Data extract Start Marker
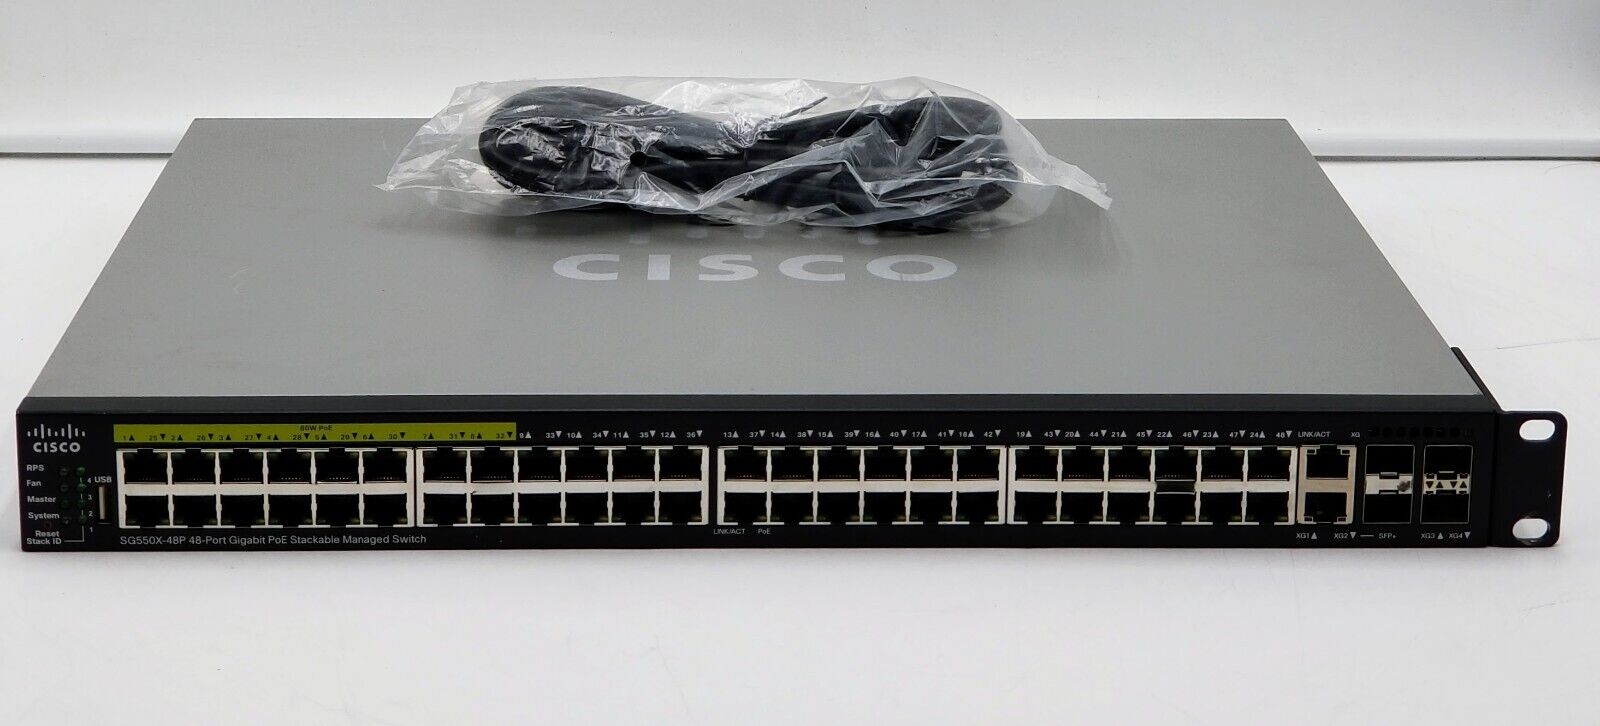 Clean Cisco SG550X-48MP 48-Port Gigabit PoE Stackable Managed Switch
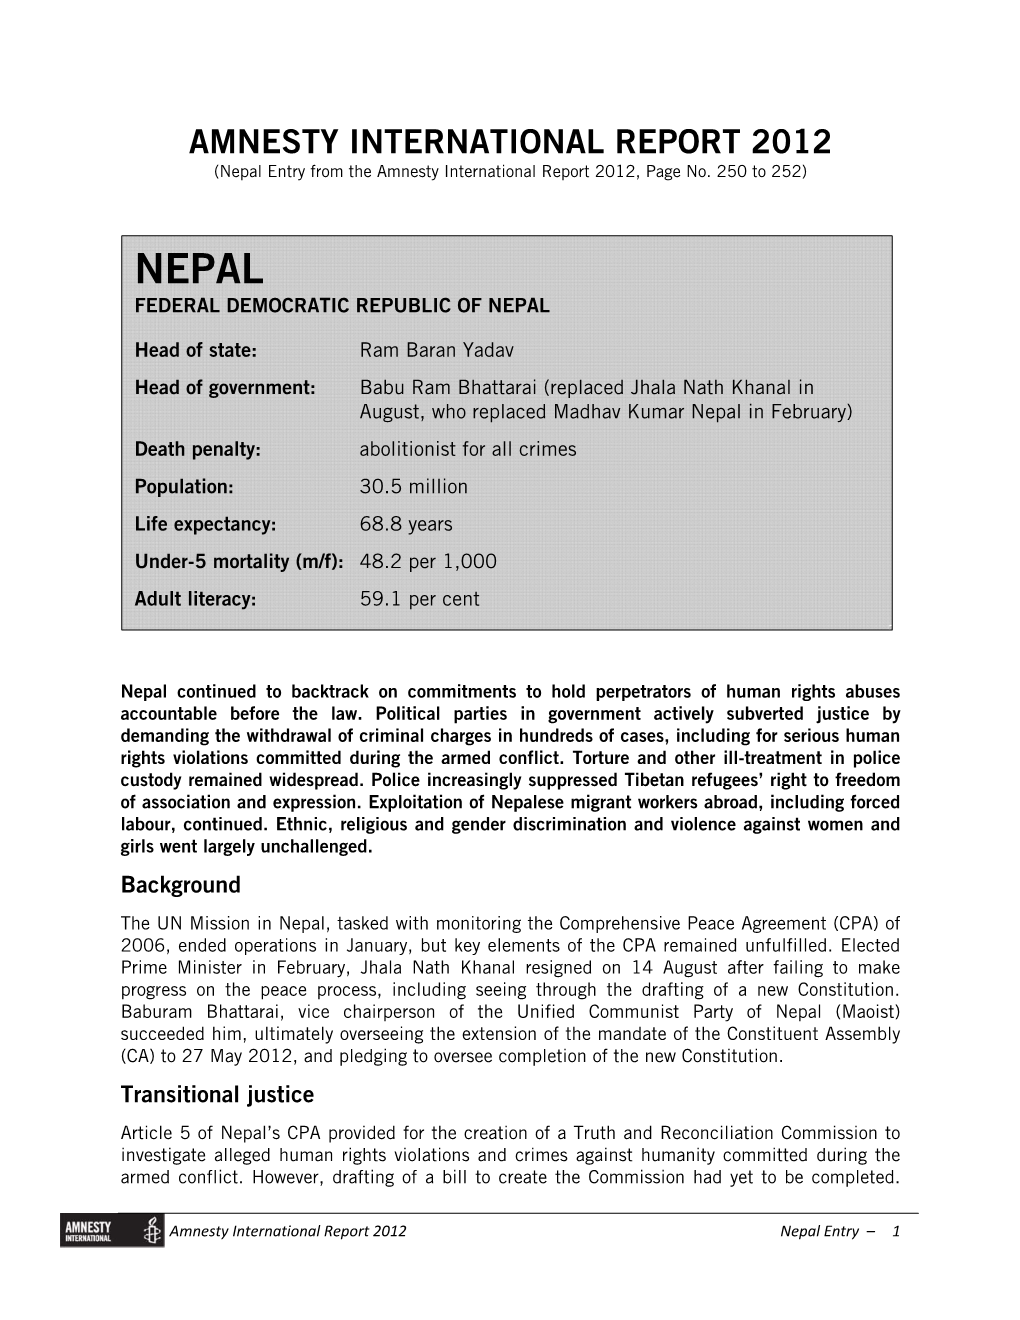 AMNESTY INTERNATIONAL REPORT 2012 (Nepal Entry from the Amnesty International Report 2012, Page No
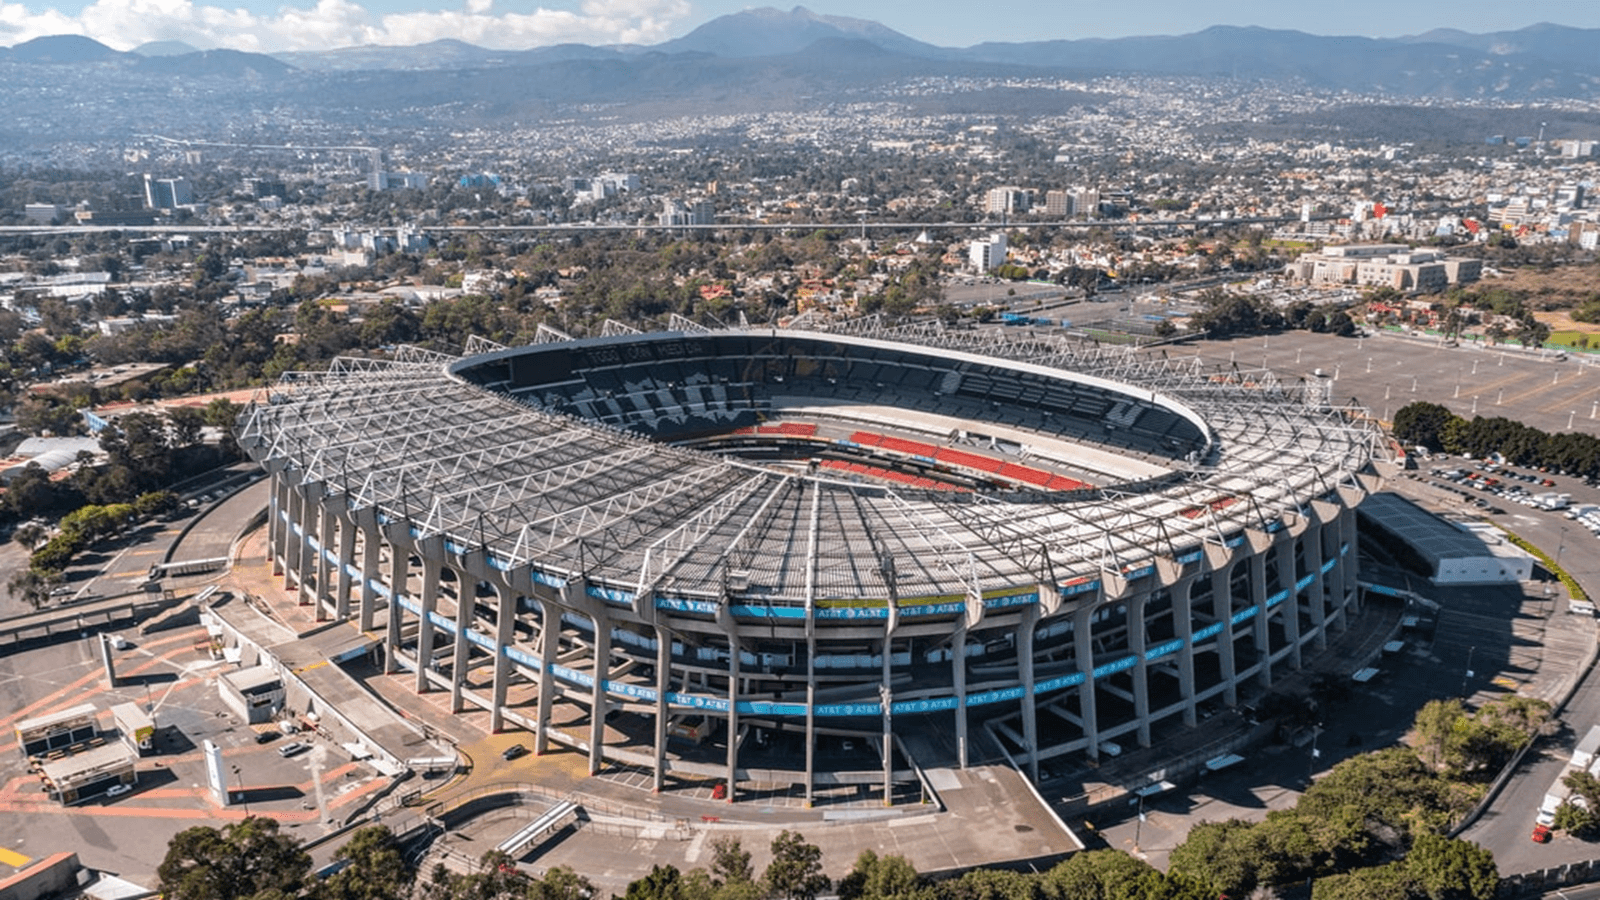 The Aztec Football stadium
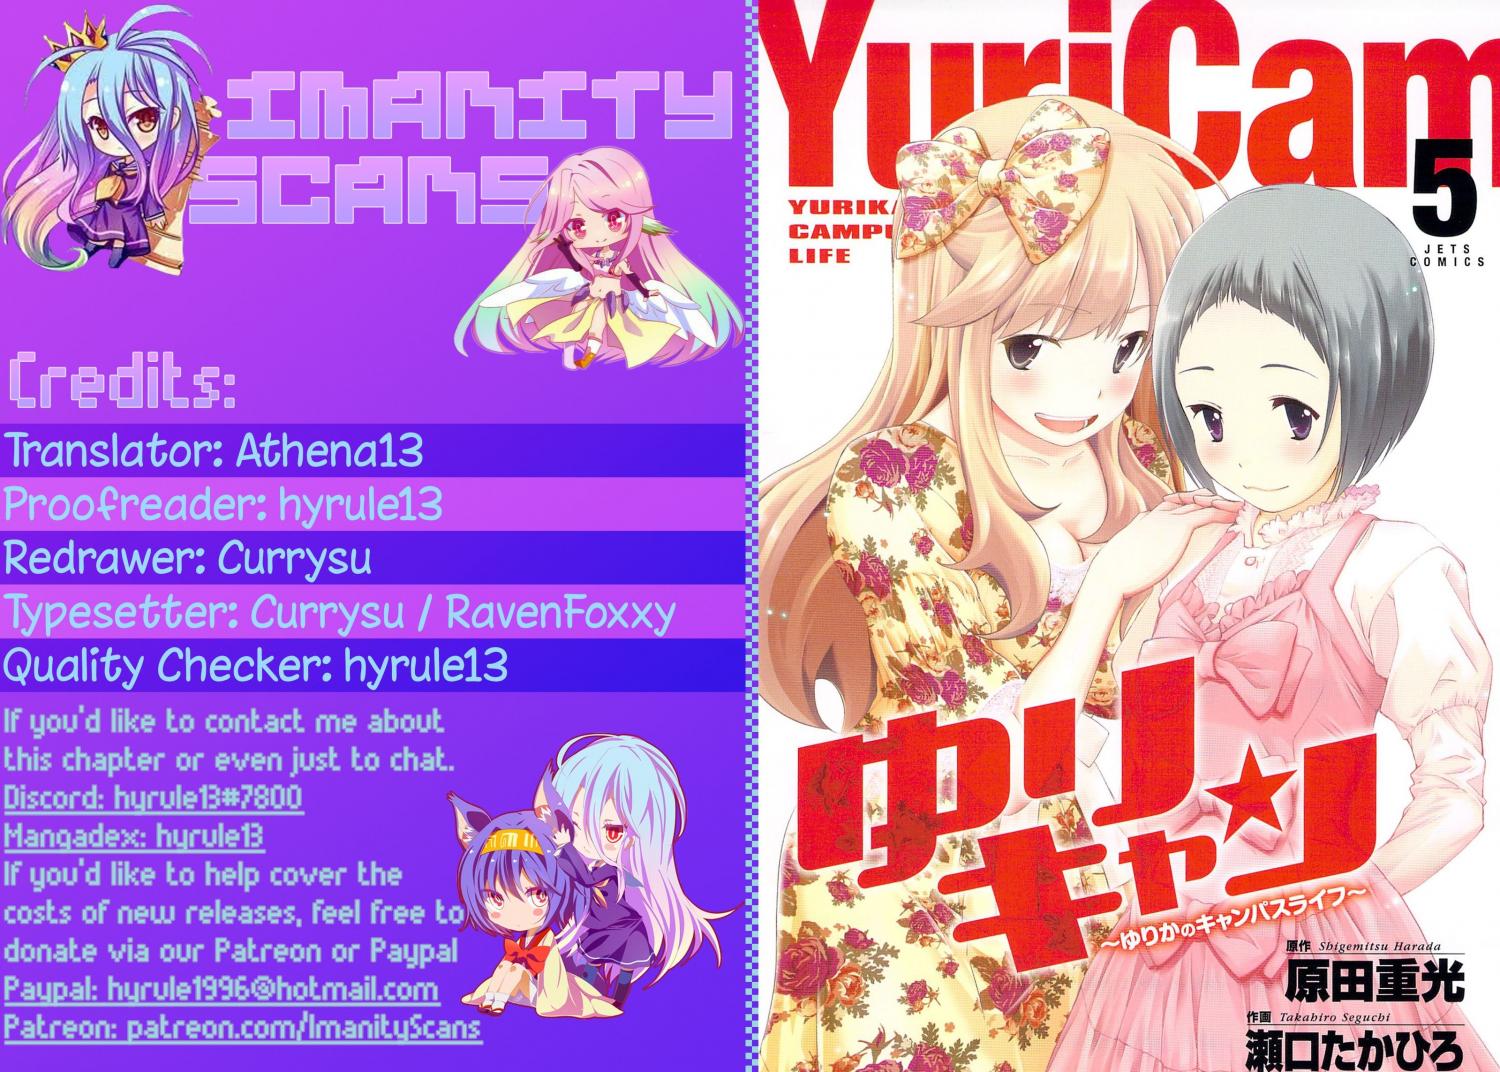 Yuricam - Yurika no Campus Life - episode 44 - 0
Data extract End Marker
Assignment —
Exact repetition of each line above is expected; images are to be omitted.

Solution to the exercise —
 Clean Cisco SG550X-48MP 48-Port Gigabit PoE Stackable Managed Switch
 AMNESTY INTERNATIONAL REPORT 2012 (Nepal Entry from the Amnesty International Report 2012, Page No
 The Aztec Football stadium
 Yuricam - Yurika no Campus Life - episode 44 - 0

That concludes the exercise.